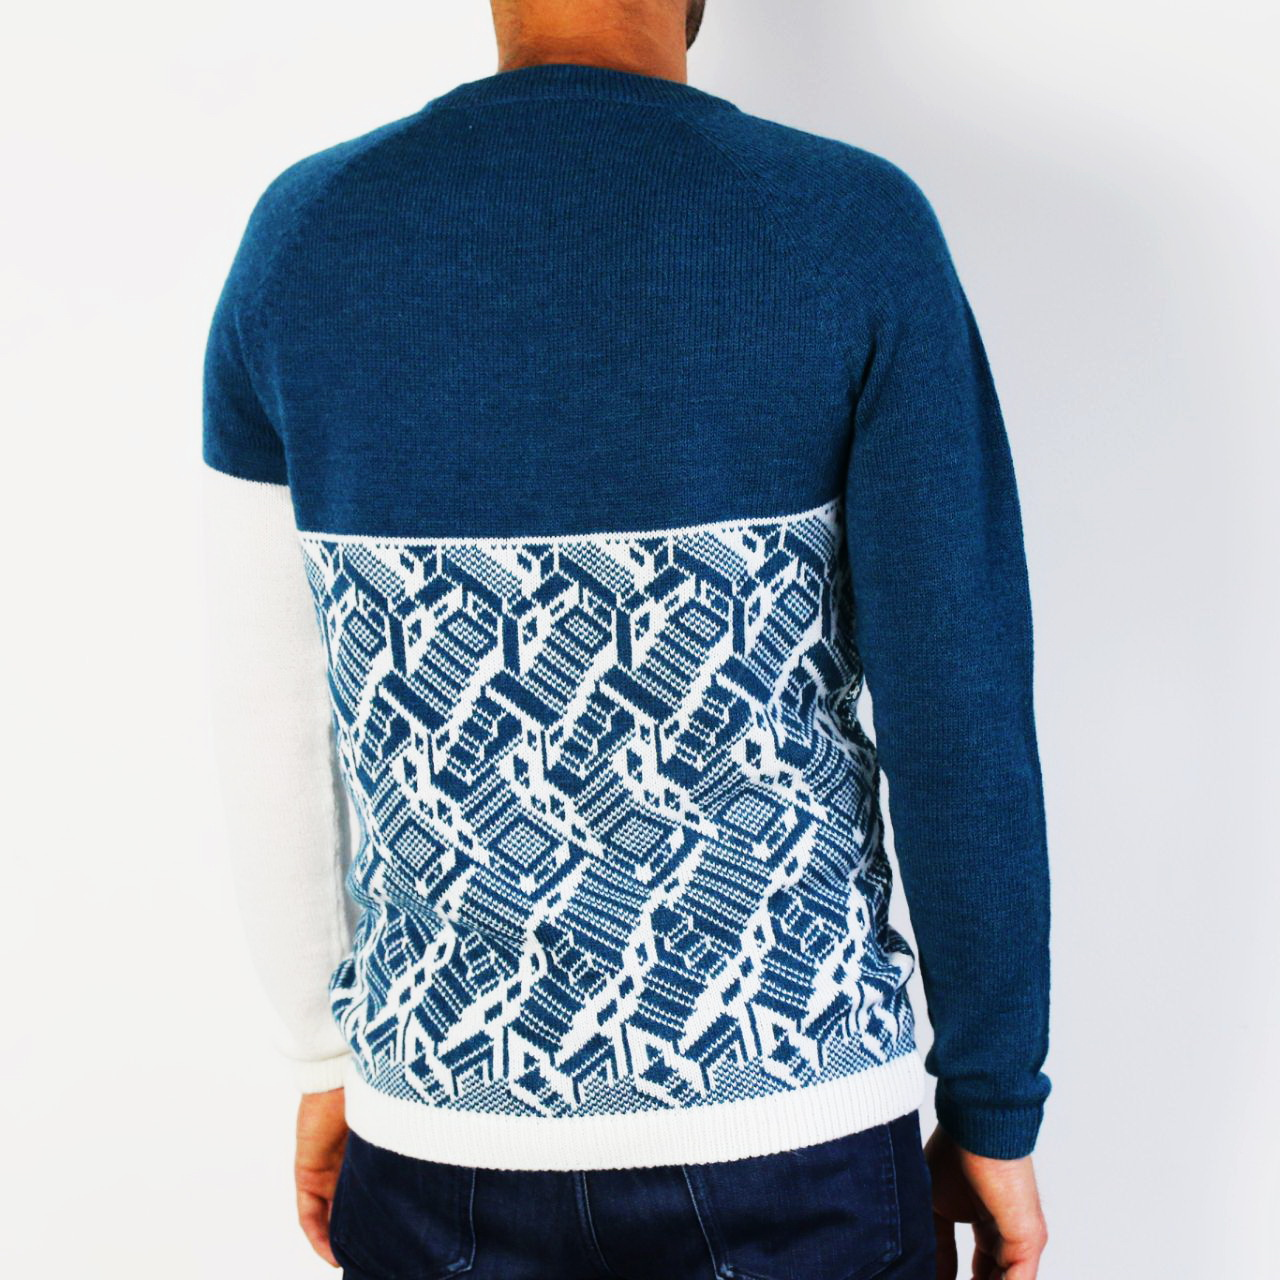 wool sweater mekoome no exit 5 1
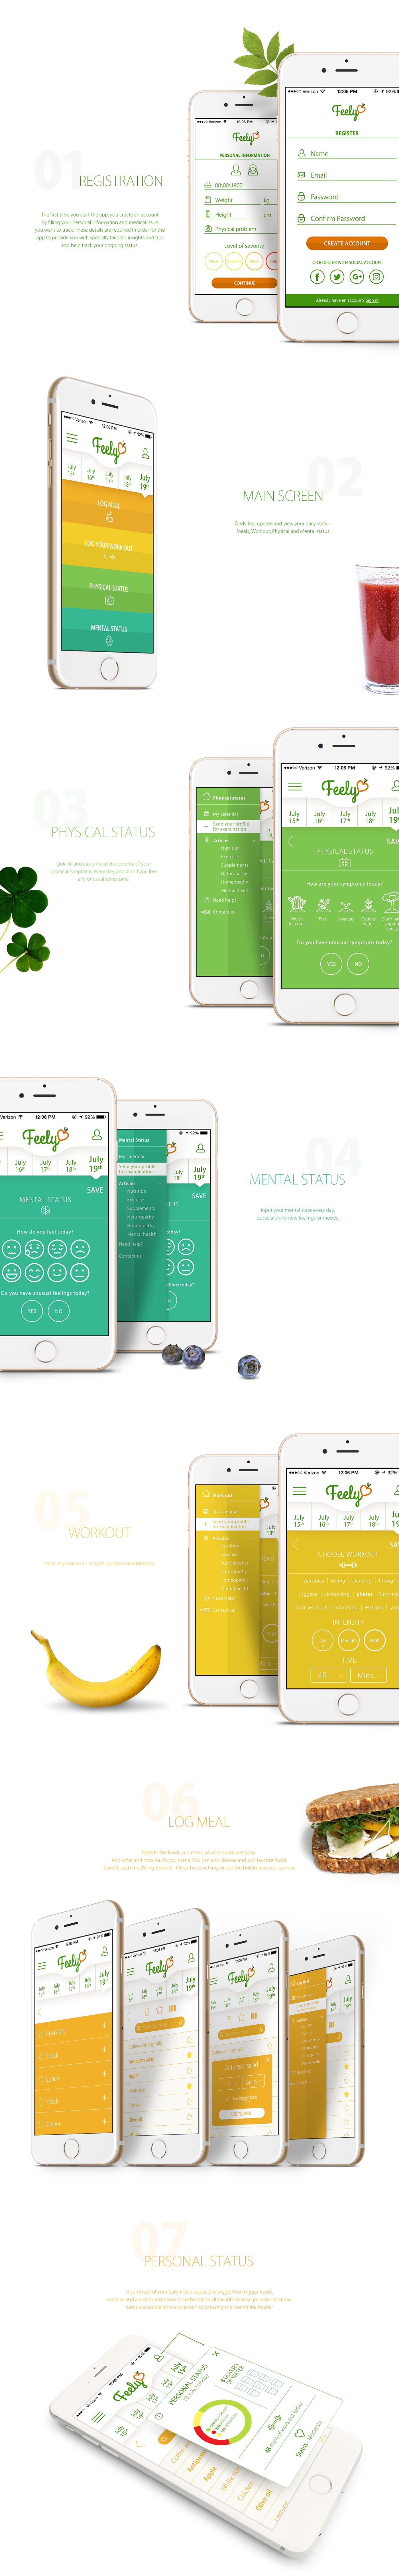 Health app Diary UI ux Food  uxdesign uidesign UI\UX wireframe
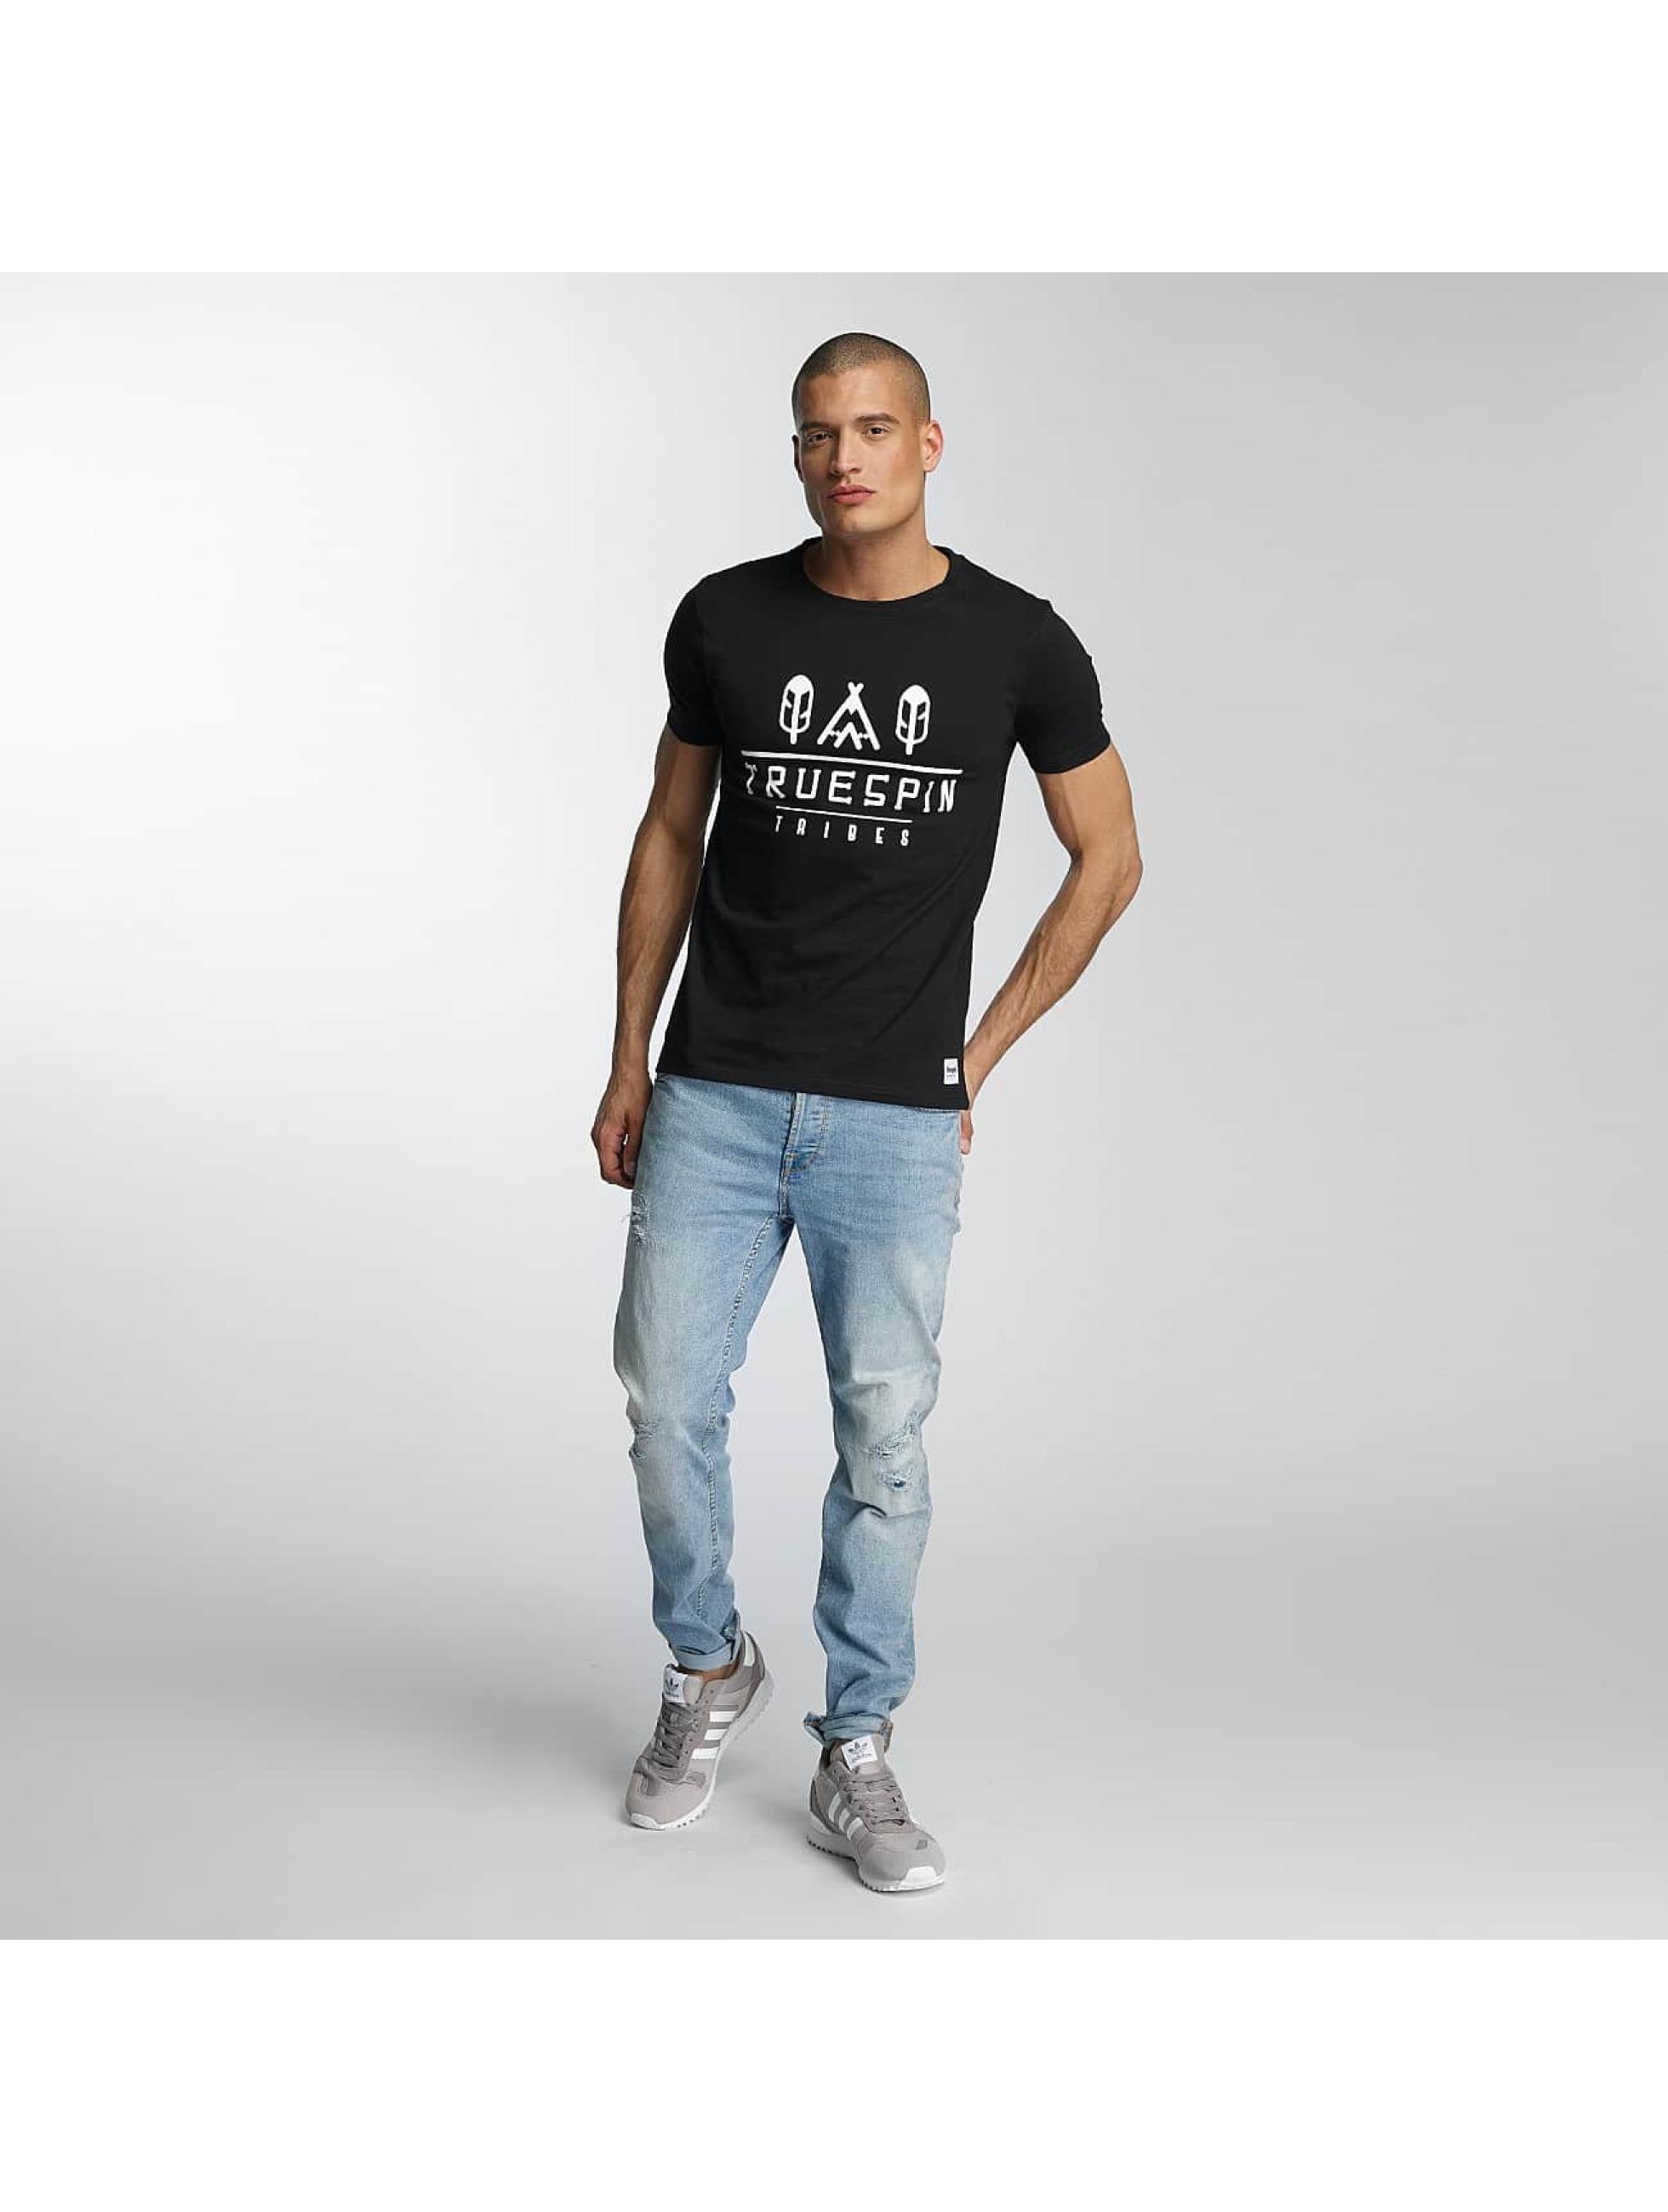 TrueSpin Camiseta 8 negro

*TO DO*
Go to the line containing "Health app Diary", then write out word for word every line from there to the end of the listing. Keep both end lines and drop the pictures.

*COMPLETED TASK*
 Health app Diary UI ux Food  uxdesign uidesign UI\UX wireframe
 TrueSpin Camiseta 8 negro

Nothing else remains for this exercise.